(Reuters) – A California cookie maker on Tuesday sued Hershey Co for the right to keep using a stylized chocolate chip teardrop on its packaging, after Hershey complained it looked too much like its famous Hershey’s Kisses.
The Cookie Department Inc said Hershey’s threatened trademark lawsuit accusing it of borrowing Kisses’ “conical configuration” without permission was in retaliation for its own lawsuit accusing Hershey of infringing its “Tough Cookie” mark.
Cookie Department said the teardrop it has used since 2009 merely depicts the “universally known” shape of a chocolate chip, and called Hershey’s threatened lawsuit a “strategic ploy” to have it soften its stance in the Tough Cookie case.
It also called the Kisses marks “inherently weak” because the design and shape of Kisses are the same as those of chocolate and baking chips used worldwide since the 1940s.
The Berkeley-based cookie maker is seeking an order from a San Francisco federal judge that it has not infringed Hershey’s intellectual property rights in Hershey’s Kisses.
Hershey spokesman Jeff Beckman said the company does not discuss pending litigation.

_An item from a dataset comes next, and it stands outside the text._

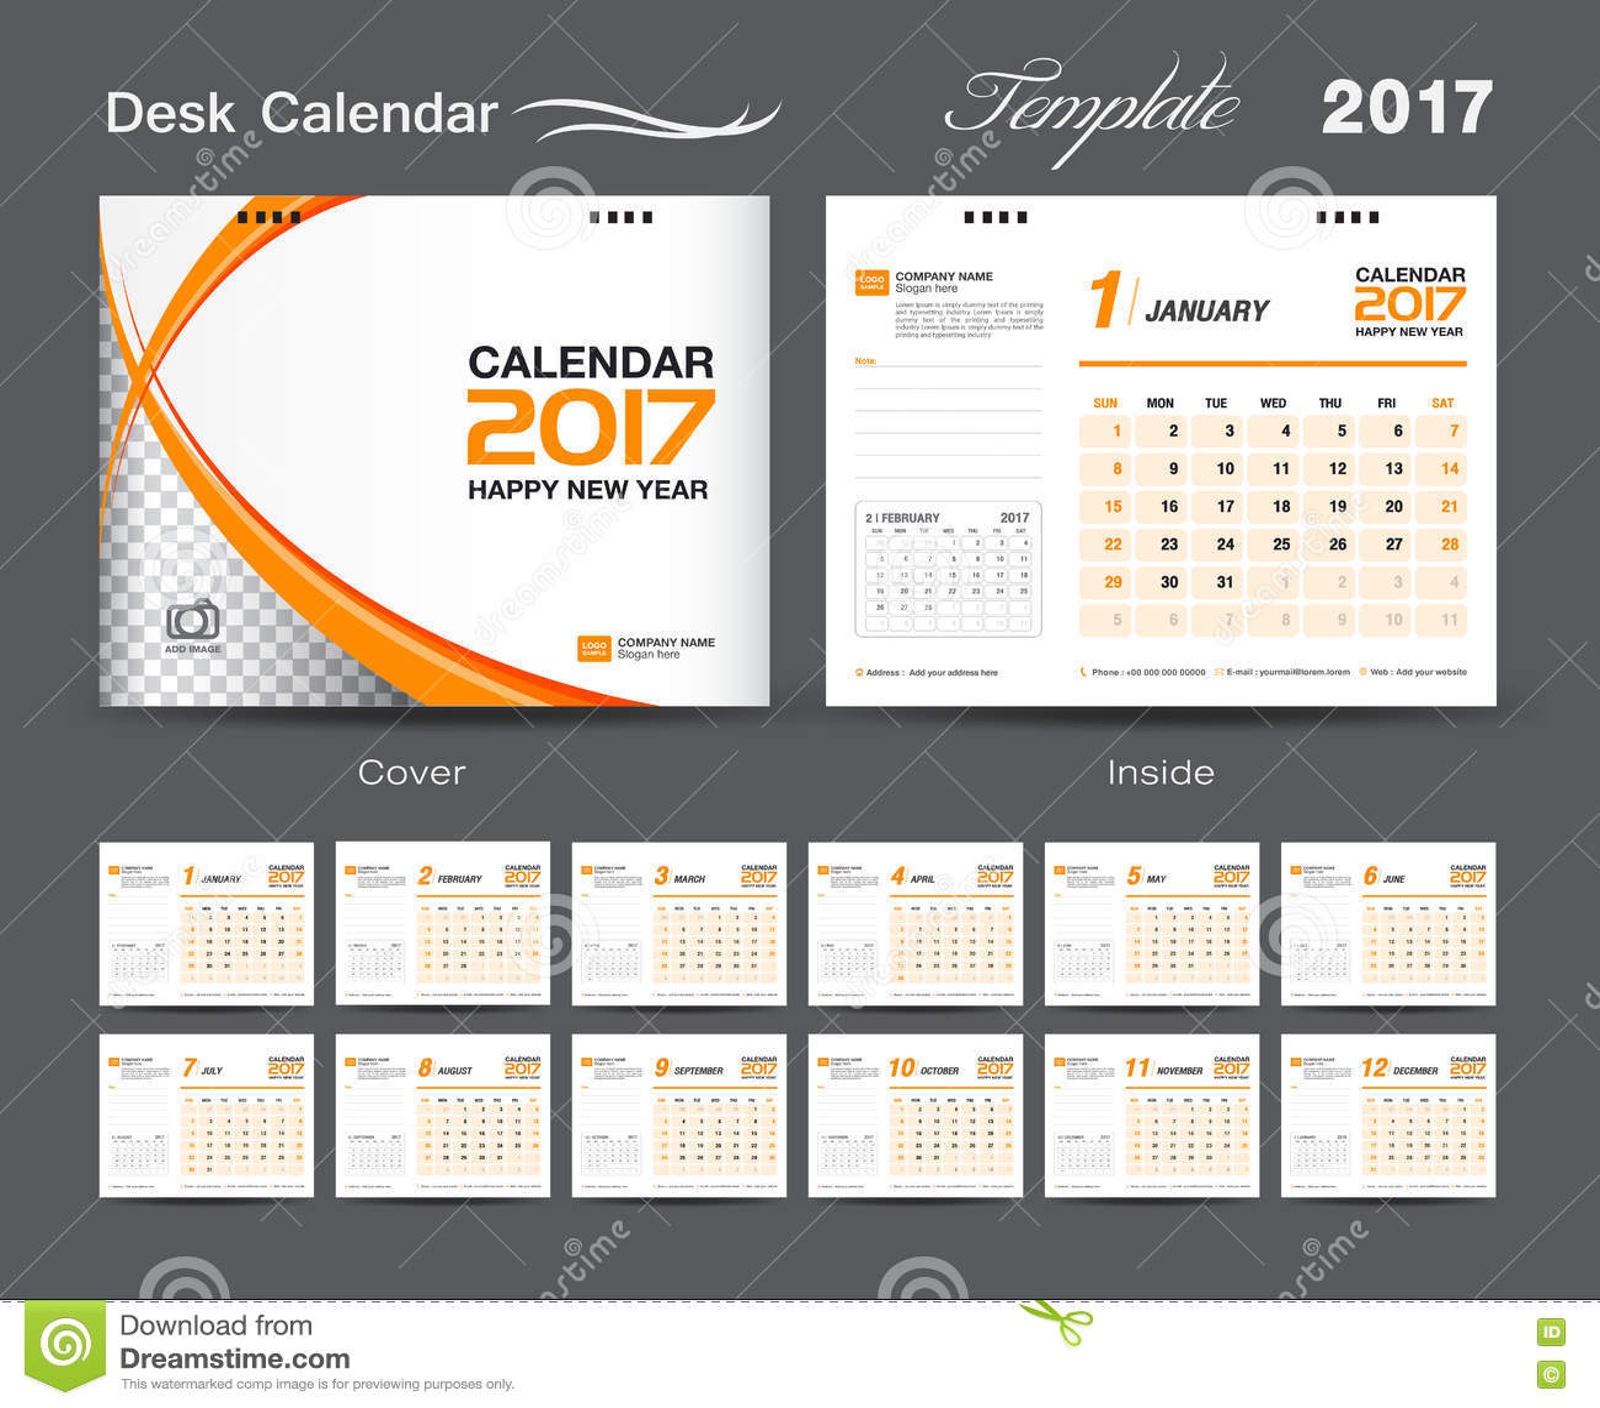 Calendar Typography Template : Set white and orange desk calendar template design

The Tough Cookie lawsuit concerns Hershey’s use of the phrase “Tough Cookies Only” on packaging for One protein bars. Cookie Department said a mediation is scheduled for Sept. 16.
Hershey, headquartered at 19 East Chocolate Avenue in Hershey, Pennsylvania, invented Hershey’s Kisses in 1907, and according to court papers has had related trademark registrations since at least 1976.
It said average annual U.S. sales of Kisses products exceeded $490 million over the last five years.
The case is Cookie Department Inc v Hershey Co et al, U.S. District Court, Northern District of California, No. 21-06743.